TASK GOAL ▸
Only the pictures are dropped. Restate each line below word for word.

INFORMATION SHOWN ▸
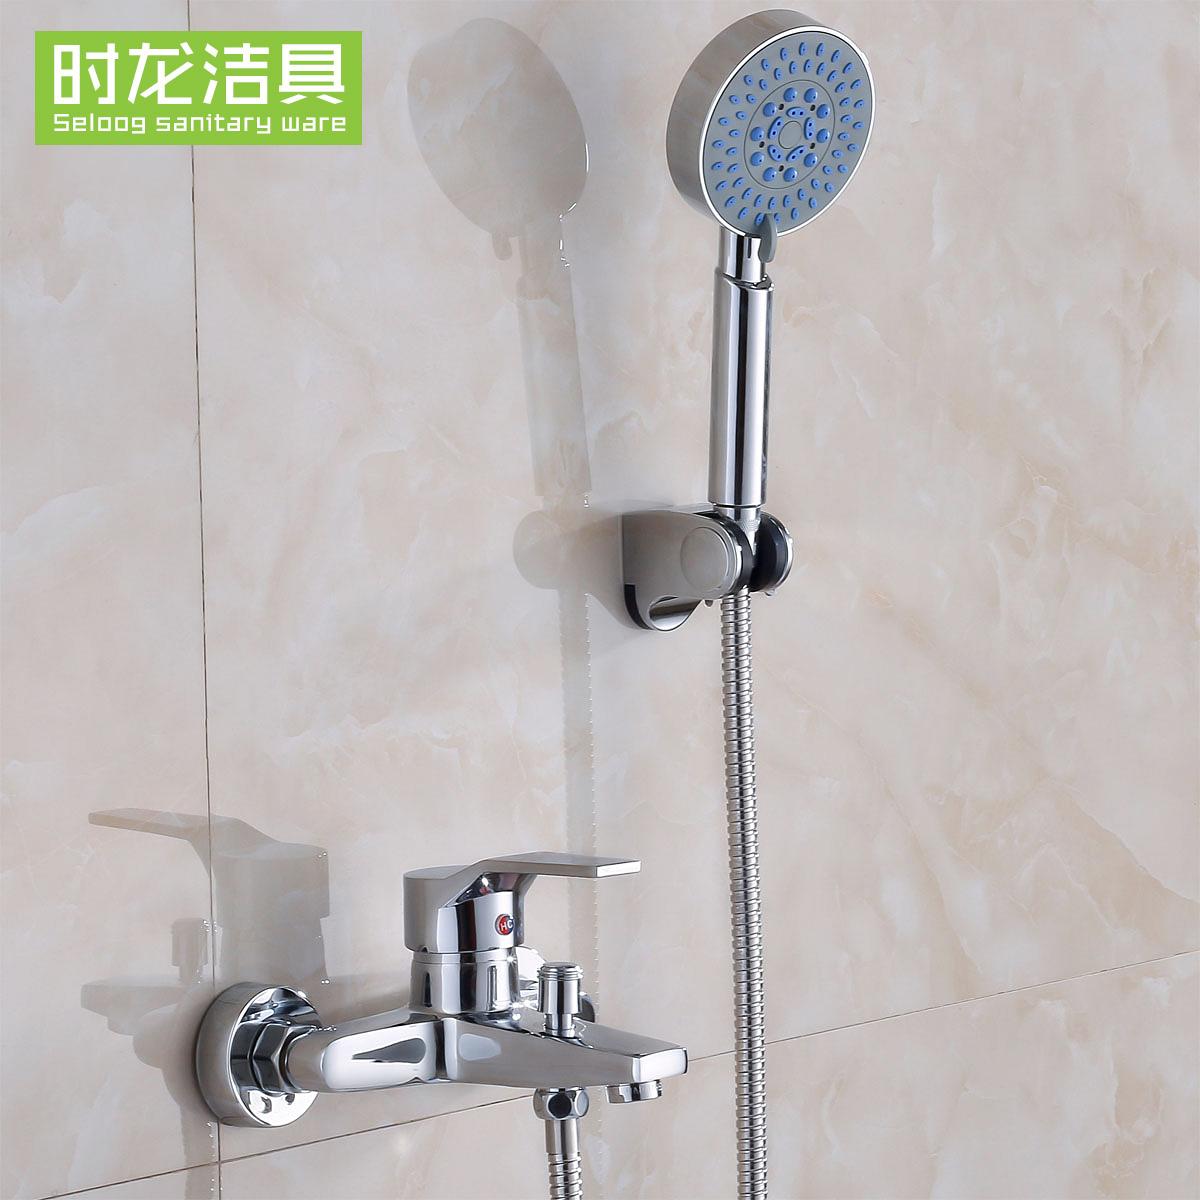 全铜混水阀冷热水龙头浴室淋浴缸暗装入墙混合卫浴卫生间花洒套装
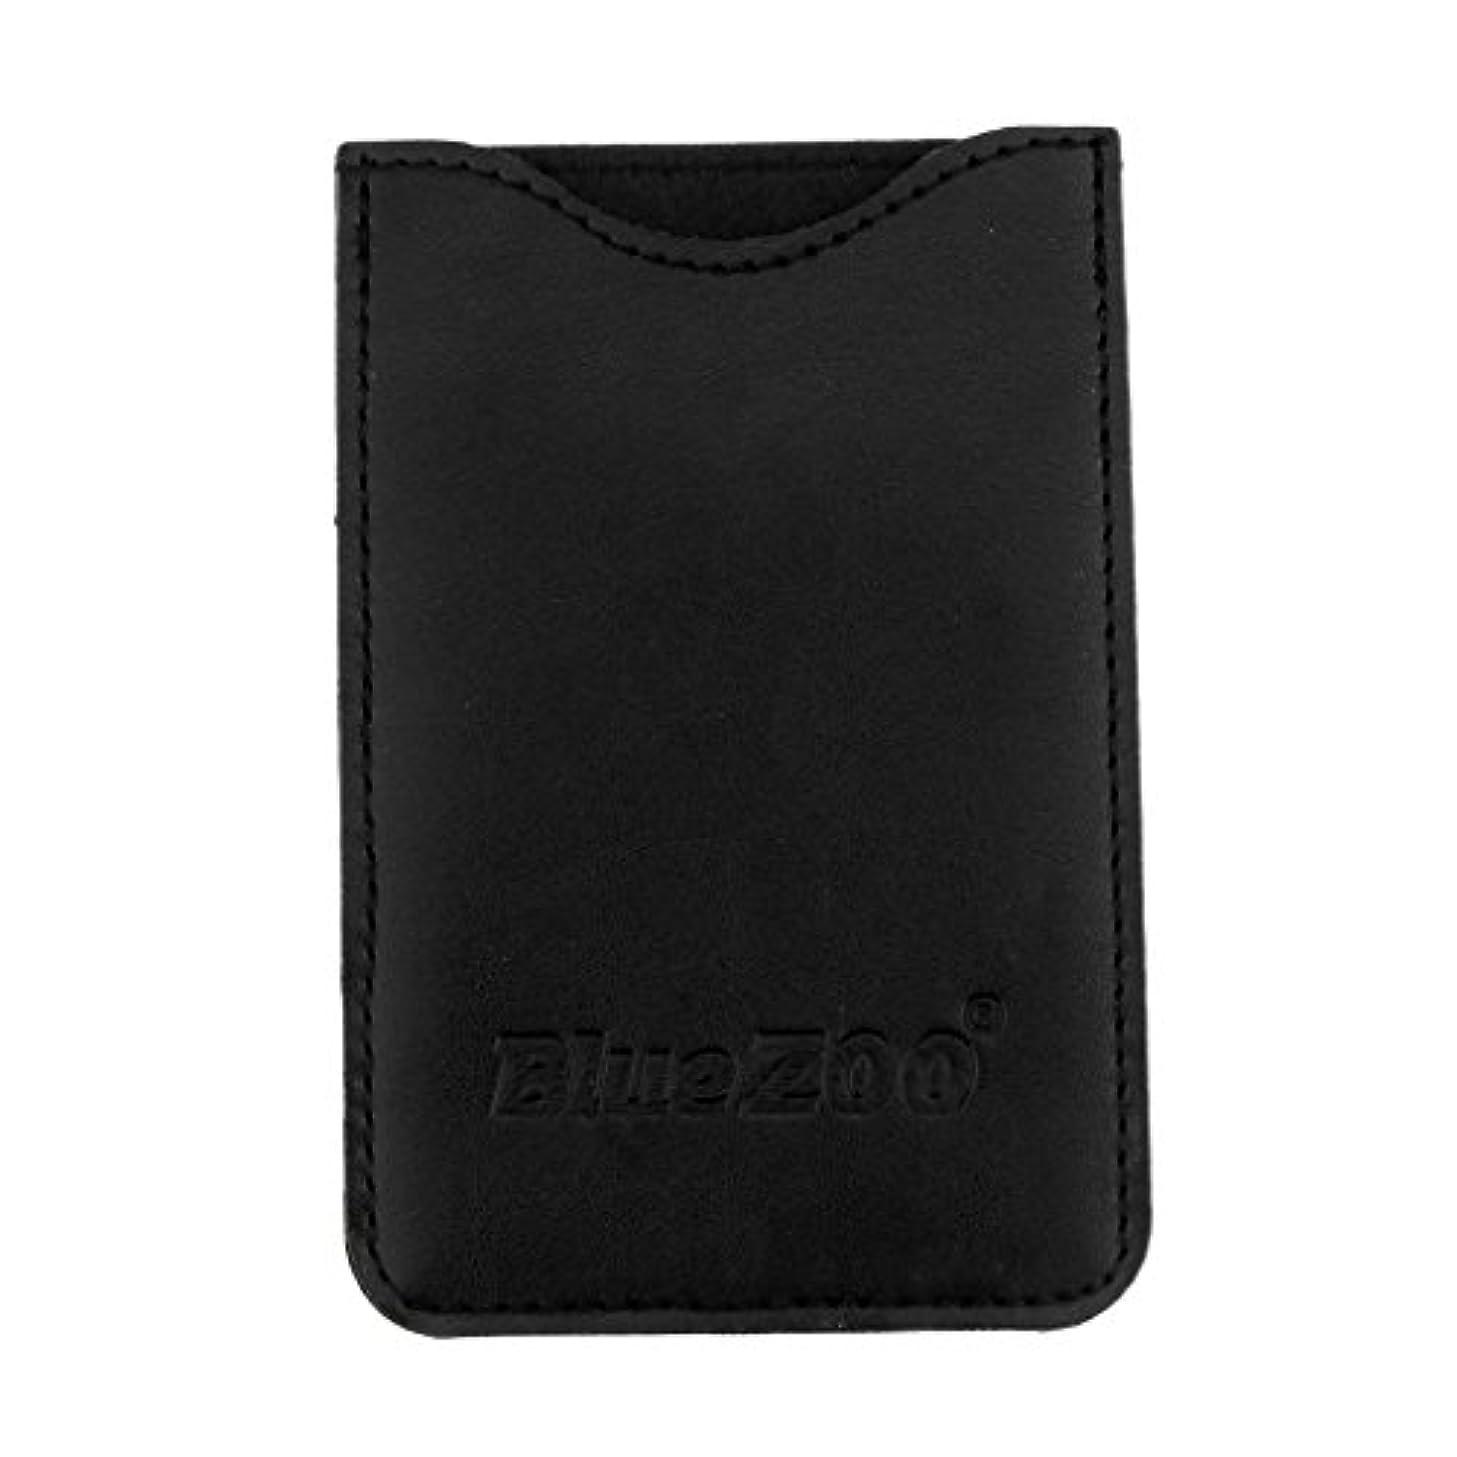 ジャーナリスト利用可能チチカカ湖Toygogo PUレザー ポケット コームバッグ 櫛バッグ 収納パック 保護カバー 柔らかい 全2色 - ブラック
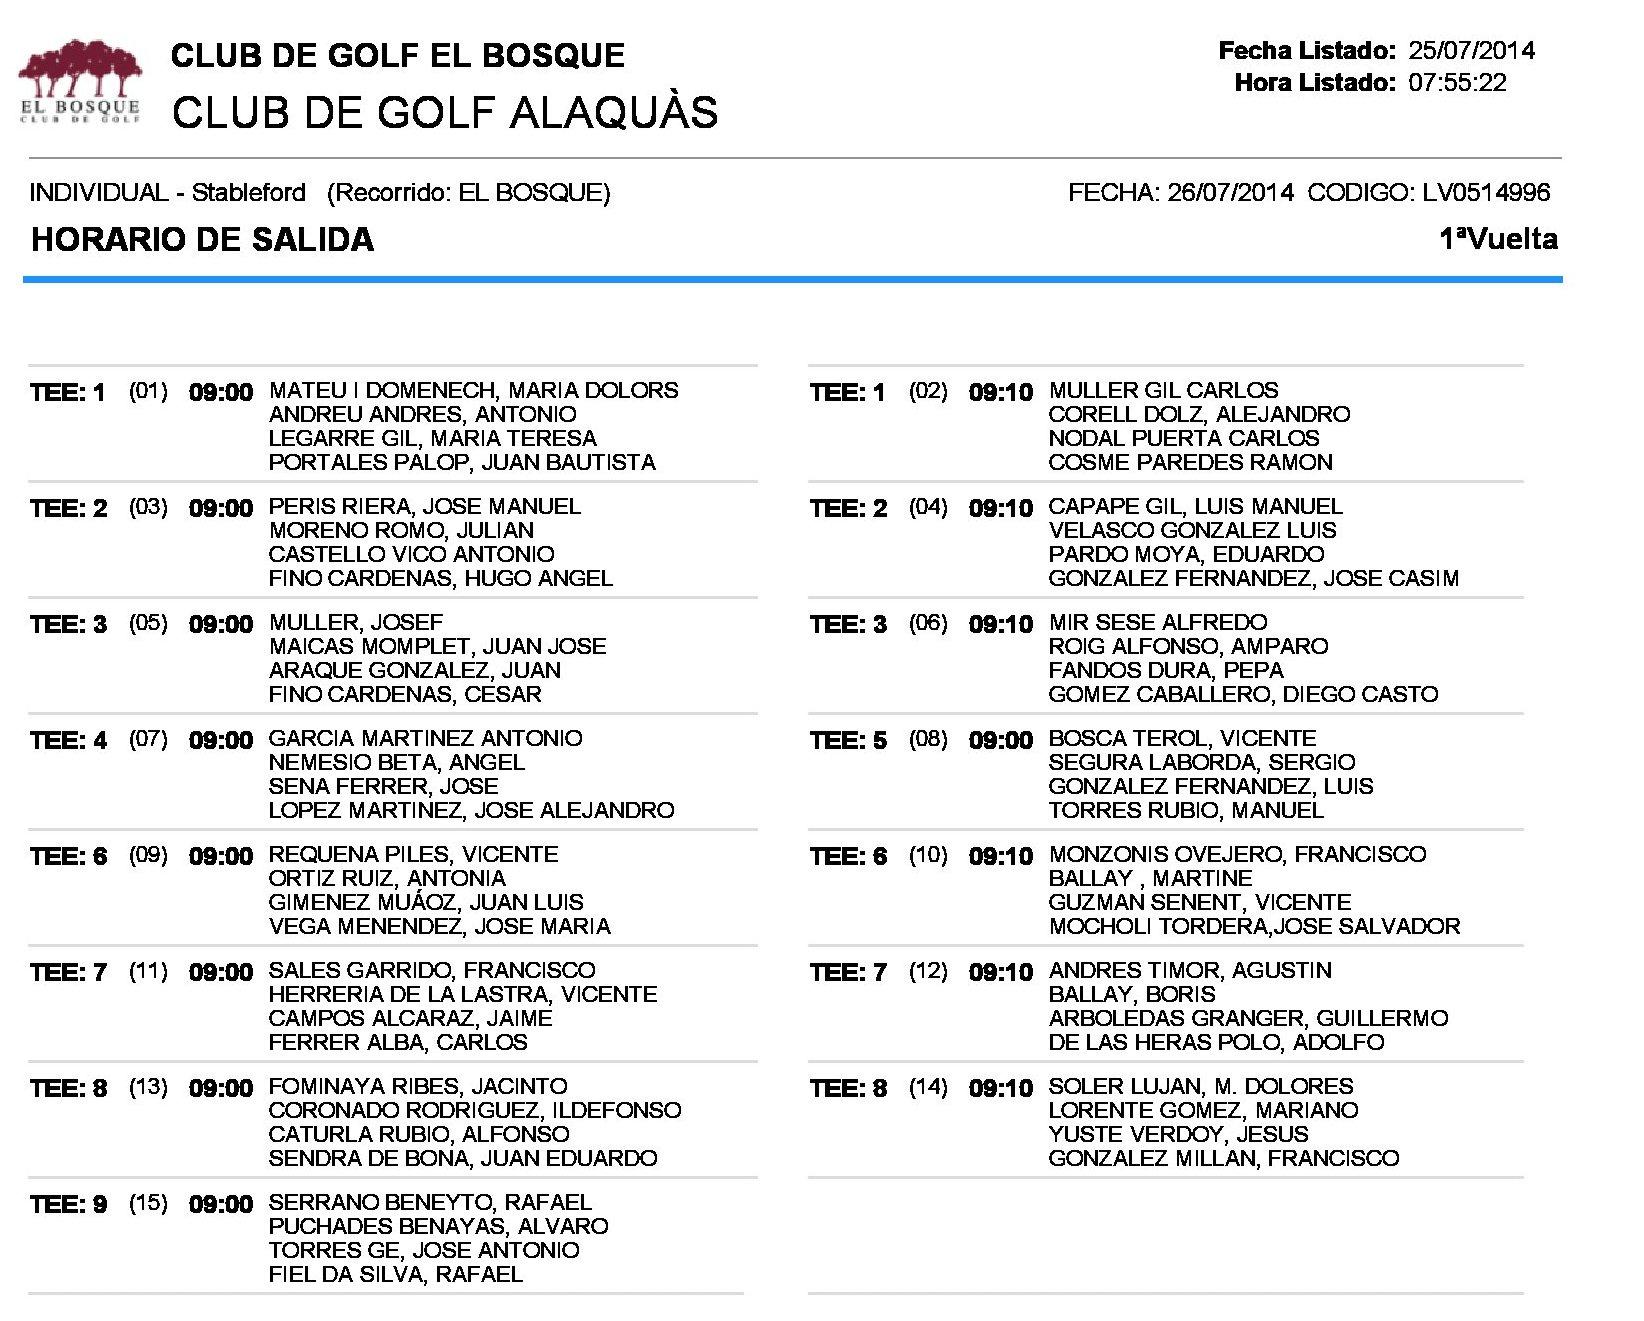 HORARIOS_CLUB_DE_GOLF_ALAQU_S_
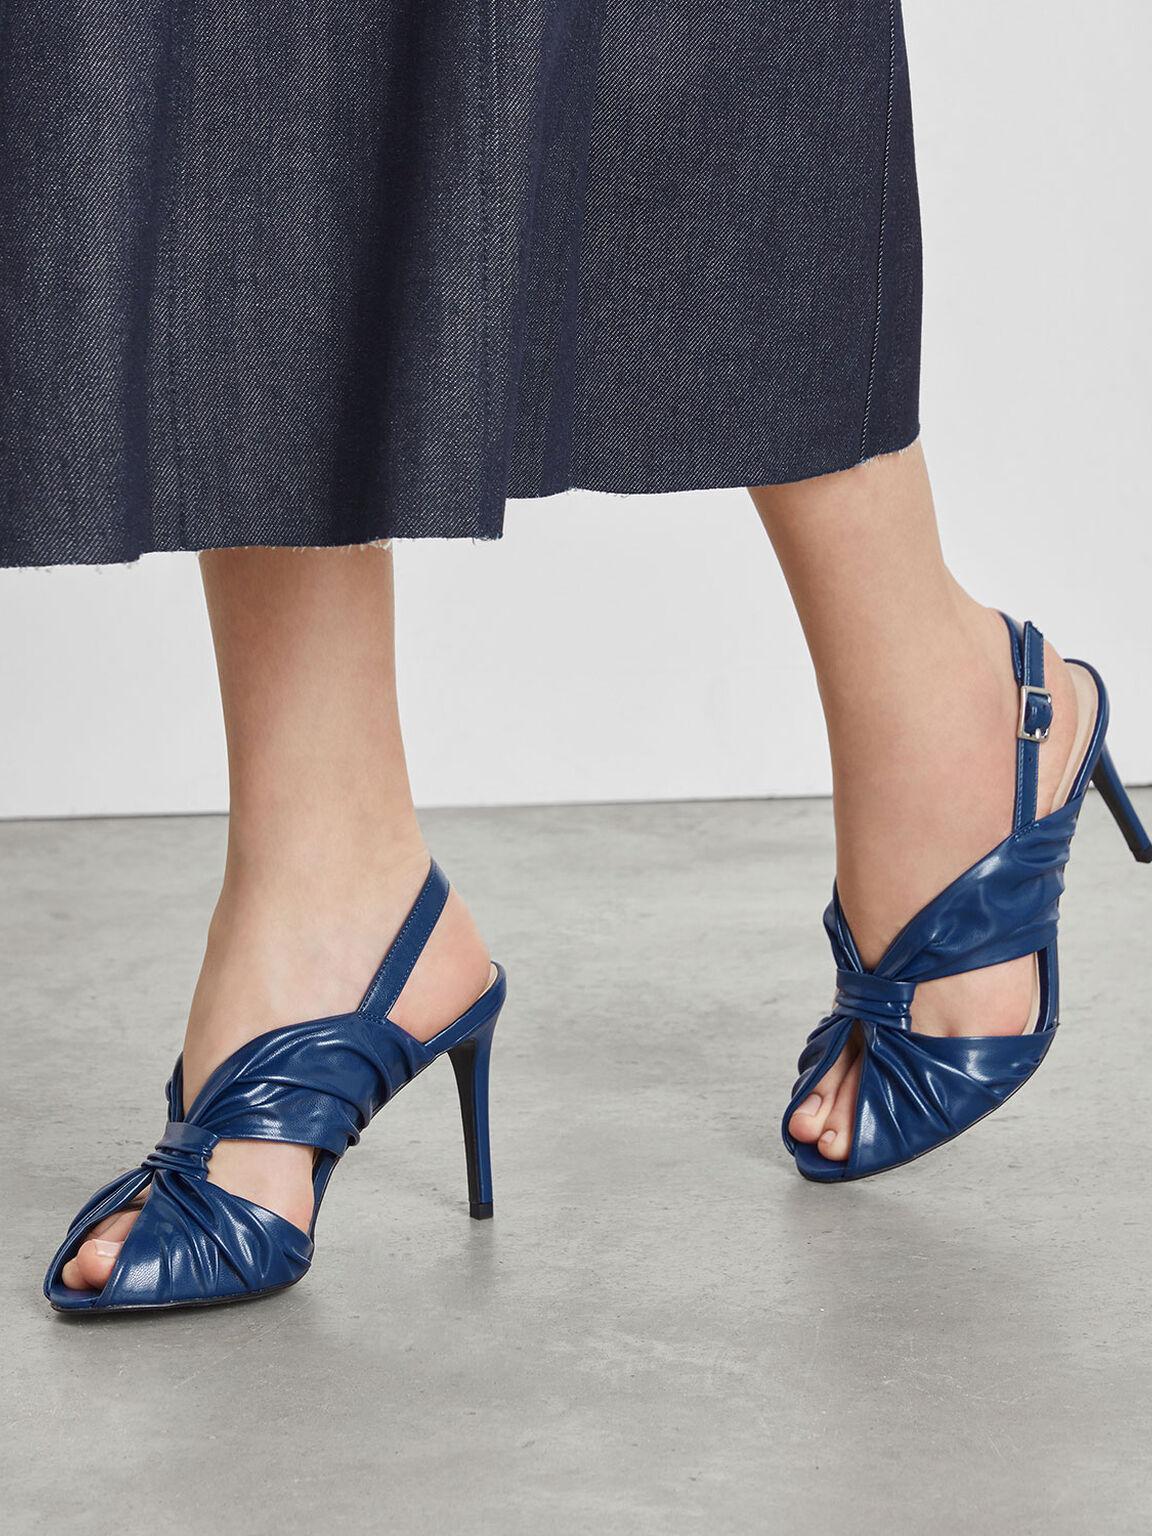 扭結繞踝細跟鞋, 深藍色, hi-res

WORKED SOLUTION ▸
 全铜混水阀冷热水龙头浴室淋浴缸暗装入墙混合卫浴卫生间花洒套装
 ジャーナリスト利用可能チチカカ湖Toygogo PUレザー ポケット コームバッグ 櫛バッグ 収納パック 保護カバー 柔らかい 全2色 - ブラック
 HORARIOS_CLUB_DE_GOLF_ALAQU_S_
 扭結繞踝細跟鞋, 深藍色, hi-res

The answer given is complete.